I searched for that damn tooth. It wasn't there. I swear.

Yeah the money isn't in exchange for teeth. It's more like a reward for losing them.

I already know what's coming next and he may have me. I just might have to tell the truth.

Well this is really why I think you are the tooth fairy or lying about that there is one. That tooth that came out last night before I went to bed I put under my pillow. The tooth is gone this morning but I didn't get any money. I got an oreo.... with the cream licked out of it.

Think quick. Think quick. There is no reasonable explanation for this. I am a totally shitty tooth fairy.

Ummmmm. Maybe it's like Santa. Ya know like when you used to leave cookies for Santa.
What?! That doesn't even make any sense. I. LEAVE. THE COOKIES. FOR SANTA. He doesn't leave them for me.

Oh right. (Shit) You got me. I'm the tooth fairy.
Oh my GOD MOM!!!! Why do you lie to me?!
Okay. I'm sorry I am not the tooth fairy.
WHAT?! YOUR NOT?! I MEANT WHY DID YOU LIE ABOUT THAT IT WASN'T YOU?! YOUR NOT THE TOOTH FAIRY EITHER?!

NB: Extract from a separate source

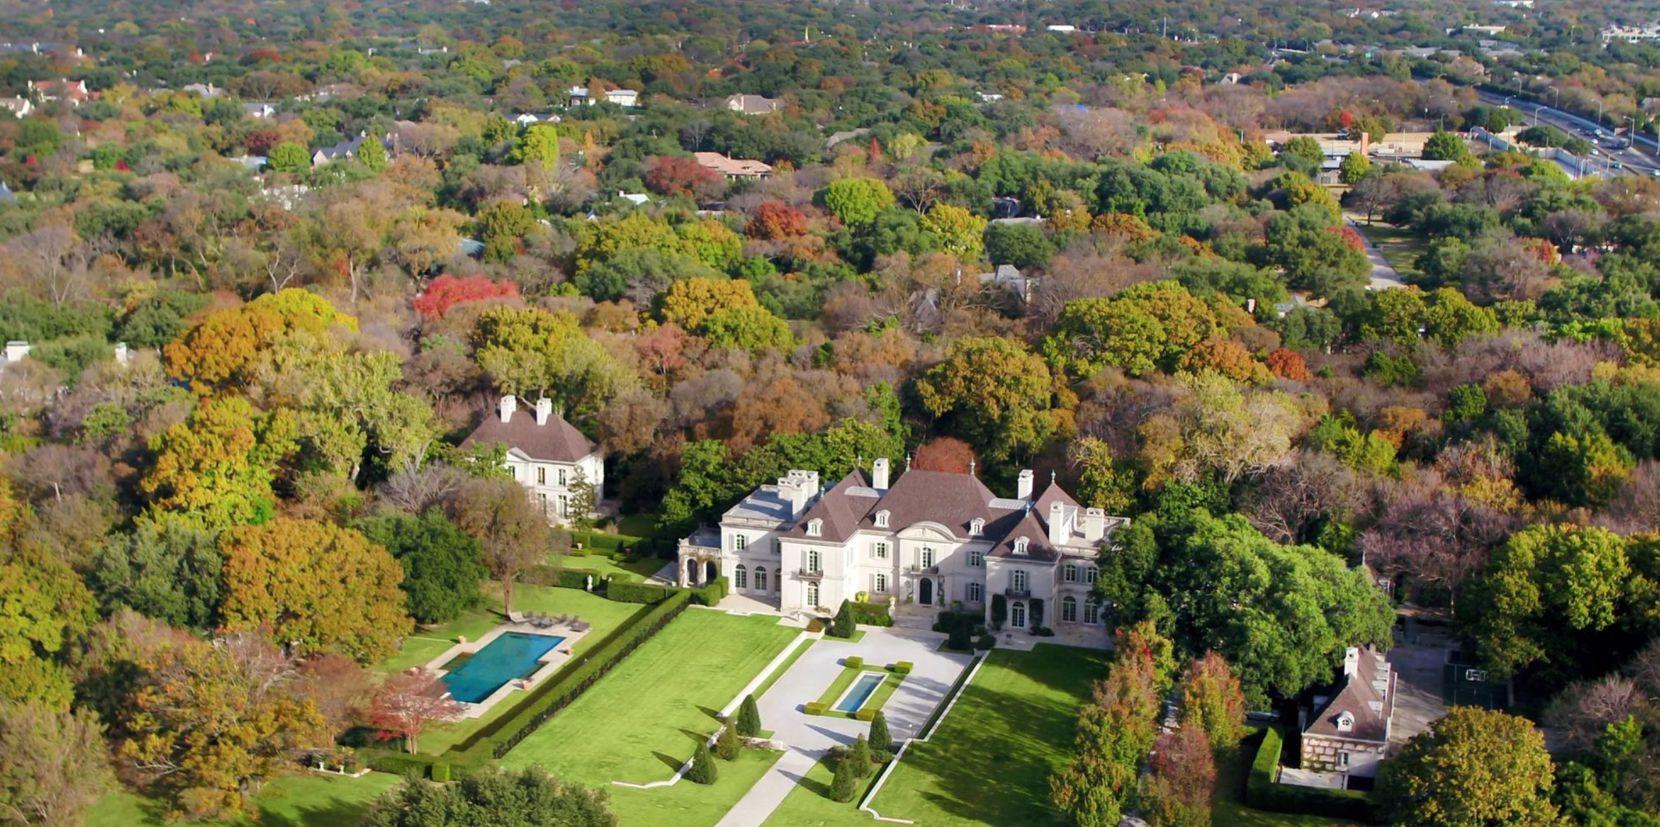 The former Hicks estate in North Dallas sold for $36.2 million.

Oh god I am so confused. I have no idea what this child wants to hear at this point. The truth is I had no money on me. Like nothing. I meant to run to the atm but forgot by the time everyone finally went to bed. Then I went to bed. I woke up at 3am to pee and while stumbling around the bathroom with no glasses I knocked over the tooth brush holder which reminded me about the tooth. I went downstairs to look for something to put under his pillow (with out my glasses). I couldn't find anything. Mainly cause I couldn't see a thing. In fact Aidan is lucky I didn't break my neck walking blindly down the stairs scrambling to find a present from the tooth fairy. Why oreos seemed like a good idea I don't even know other than that it was 3 am and anything seemed like a good choice. There was only one left. Seark likes to lick the cream out and put them back. I didn't even think to check it. I mean really when your leaving an oreo under your child's pillow at 3 am your not thinking at all. In fact I forgot all about until this moment.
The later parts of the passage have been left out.